Children don’t prowl the neighborhood like they used to. I’ll occasionally see a group of three or four, maybe every month or two, but there is no instantly recognizable neighborhood gang. There is never street hockey or other games requiring me to stop the car and wait for the kids to move out of the way.
Digital entertainment plays a significant role in this, but screens aren’t the only game changer. I’m hesitant to call it helicopter parenting, but my generation of parents is different. Where our parents would tell us to go play outside, and leave us for hours to make our own fun, my generation of parents seems to want to control the programming.
Today’s children have routines and planned activities. Their parents have penned their agendas onto calendars. Little league, the school, the church, the play date with the children of the college buddies who live across town.
Or maybe I’m wrong. Maybe it’s just the screens. But they’re not running the streets anymore. After a full year, we know exactly one boy in the neighborhood, and that’s only because he’s in the same class and shares a bus stop. Impossible not to know him, under the circumstances.
In Lima we had a proper squad of play dates. We met them at the park or at the daycare, and we would hang out regularly. Everybody came to all the birthday parties. “Los Caballeros de Lince,” I used to call them. There were Friday night drinking sessions and Saturdays at the park followed by lunch at the cevicheria. We had a neighborhood gang.

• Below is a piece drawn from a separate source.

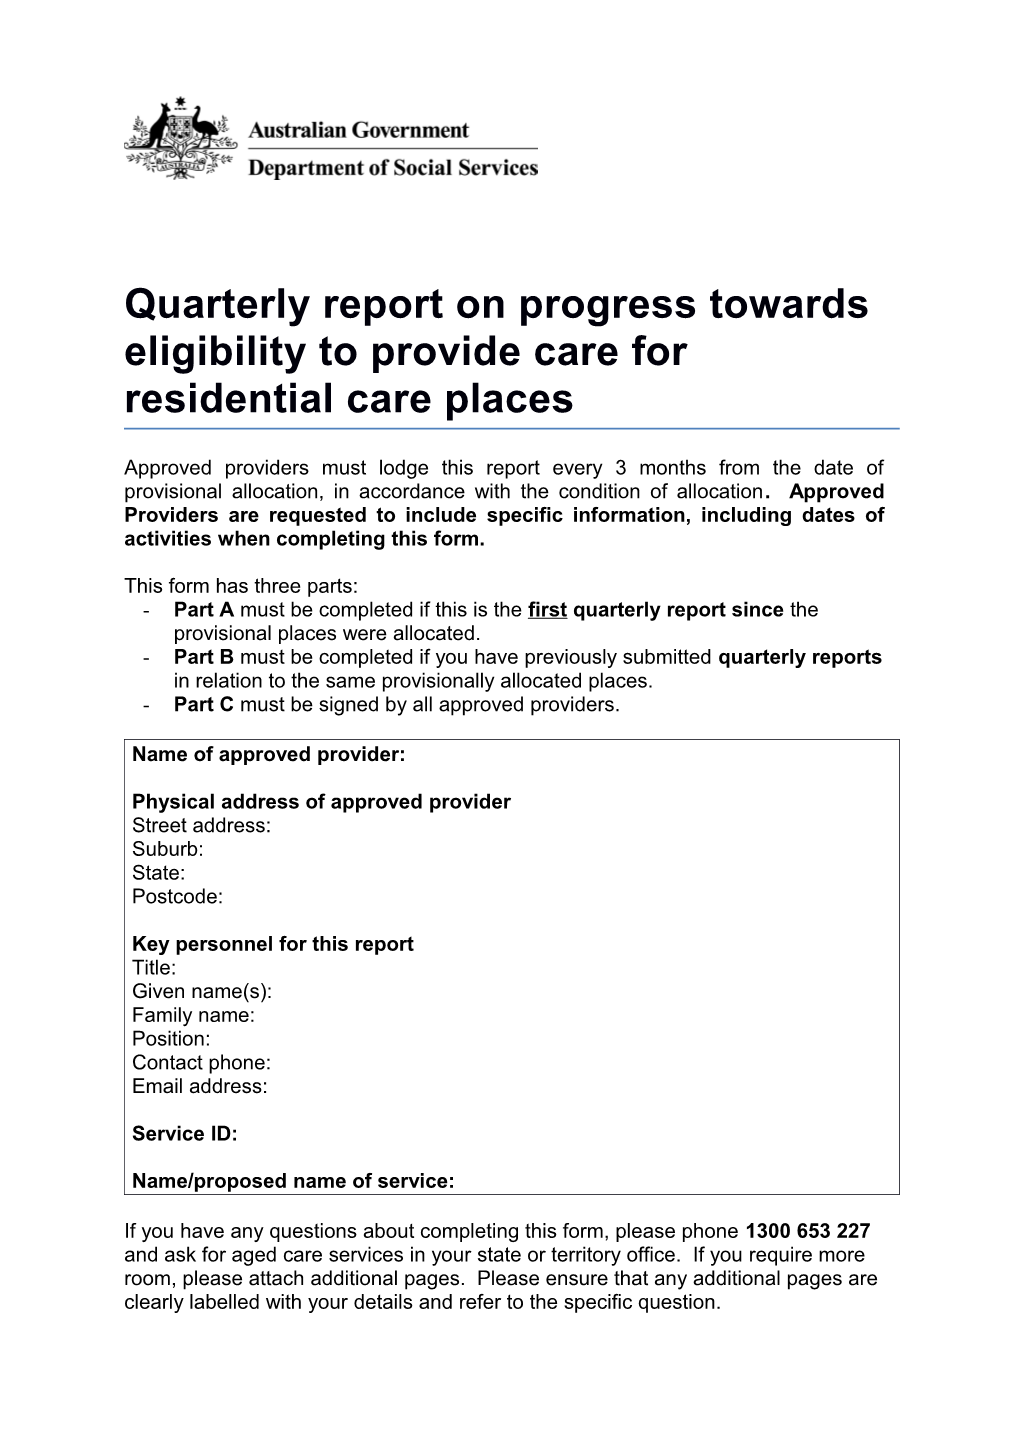 Quarterly Report on Progress Towards Eligibility to Provide Care for Residential Care Places
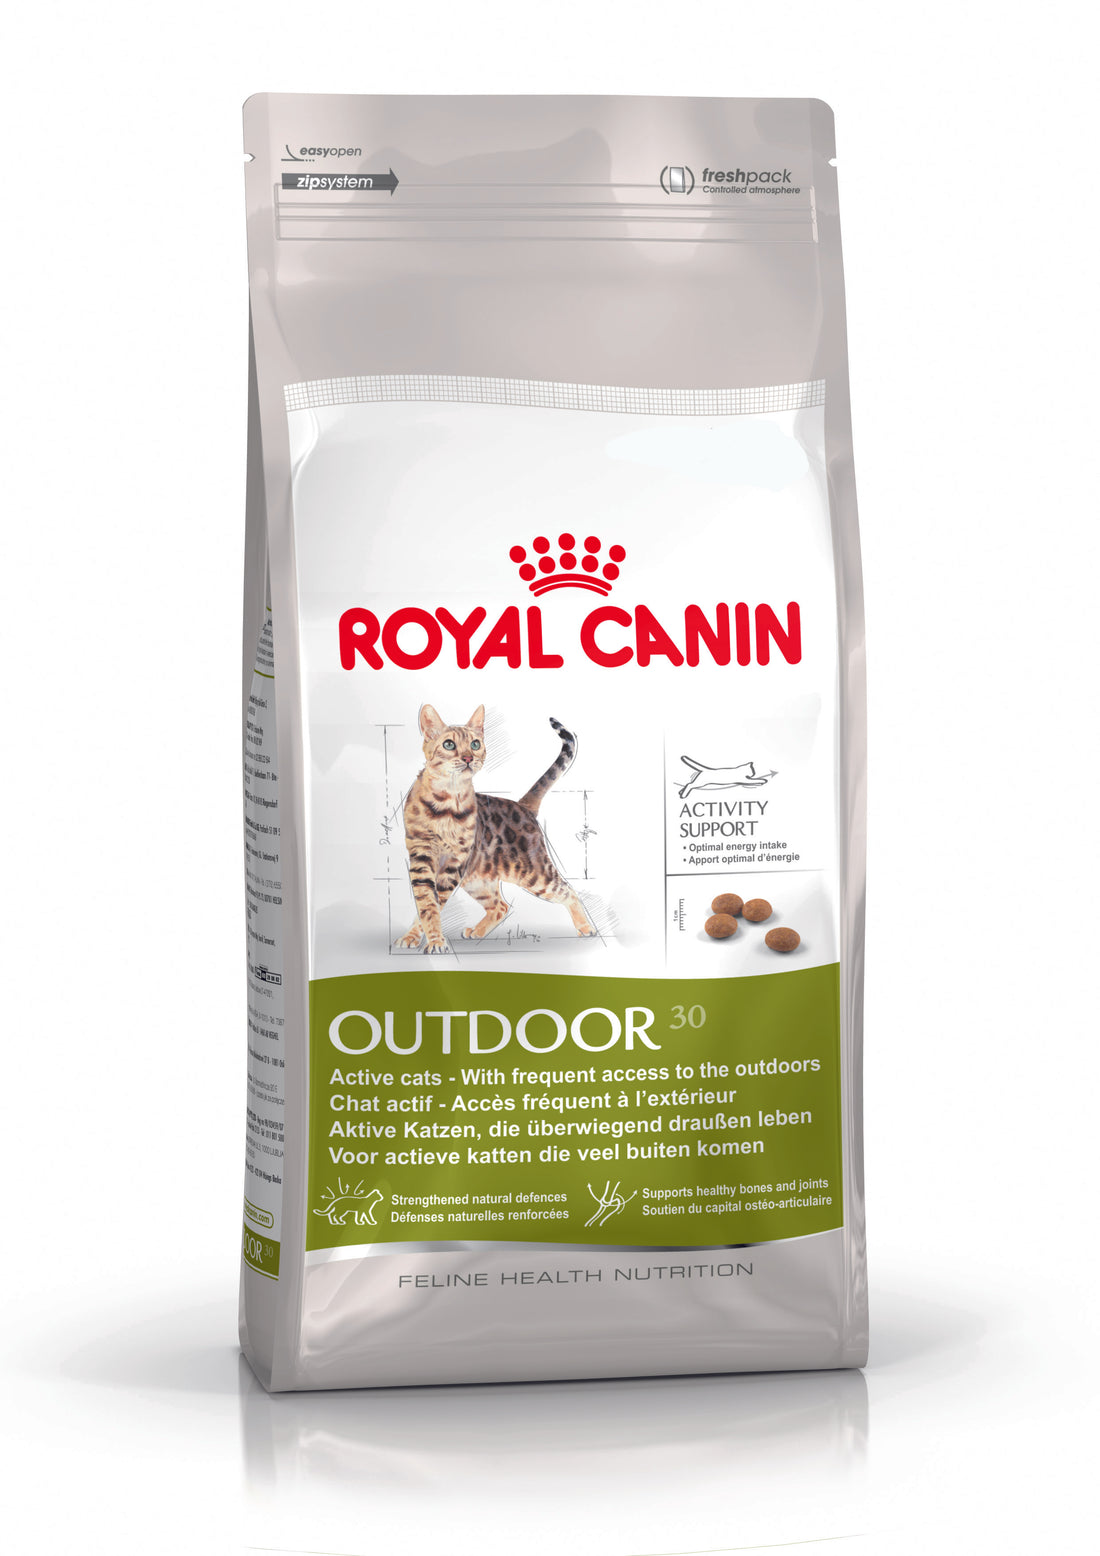 Royal Canin-Outdoor 30 Cat Food 400g

I miss that. Don’t want to sound like a pussy, but life in America is lonely. The solitude is, by far, my biggest gripe about life here. It was so bad in the early months that I couldn’t write about it. It struck a nerve, and it took time to desensitize.
Living here is still the best option for my family for now, but this is the big gripe. Life in America is about solitude. Americans might not see it that way if they haven’t known anything else. But I have, and this life isn’t very pleasant.
I’m not alone in that. One of the few bright spots of our social life is that we’re making inroads with the Peruvian-American community in St. Louis. At a party one night one of the old timers told my wife, and she relayed to me, that it’s common for Peruvians and other Latins to get depressed here in the States. They seek out shrinks to deal with the loneliness, and he said she shouldn’t hesitate to do so herself.
Little did he know, hehe, that she is perfectly content to spend all of her days on Earth only with our family and nobody else. But her repat husband was having trouble dealing.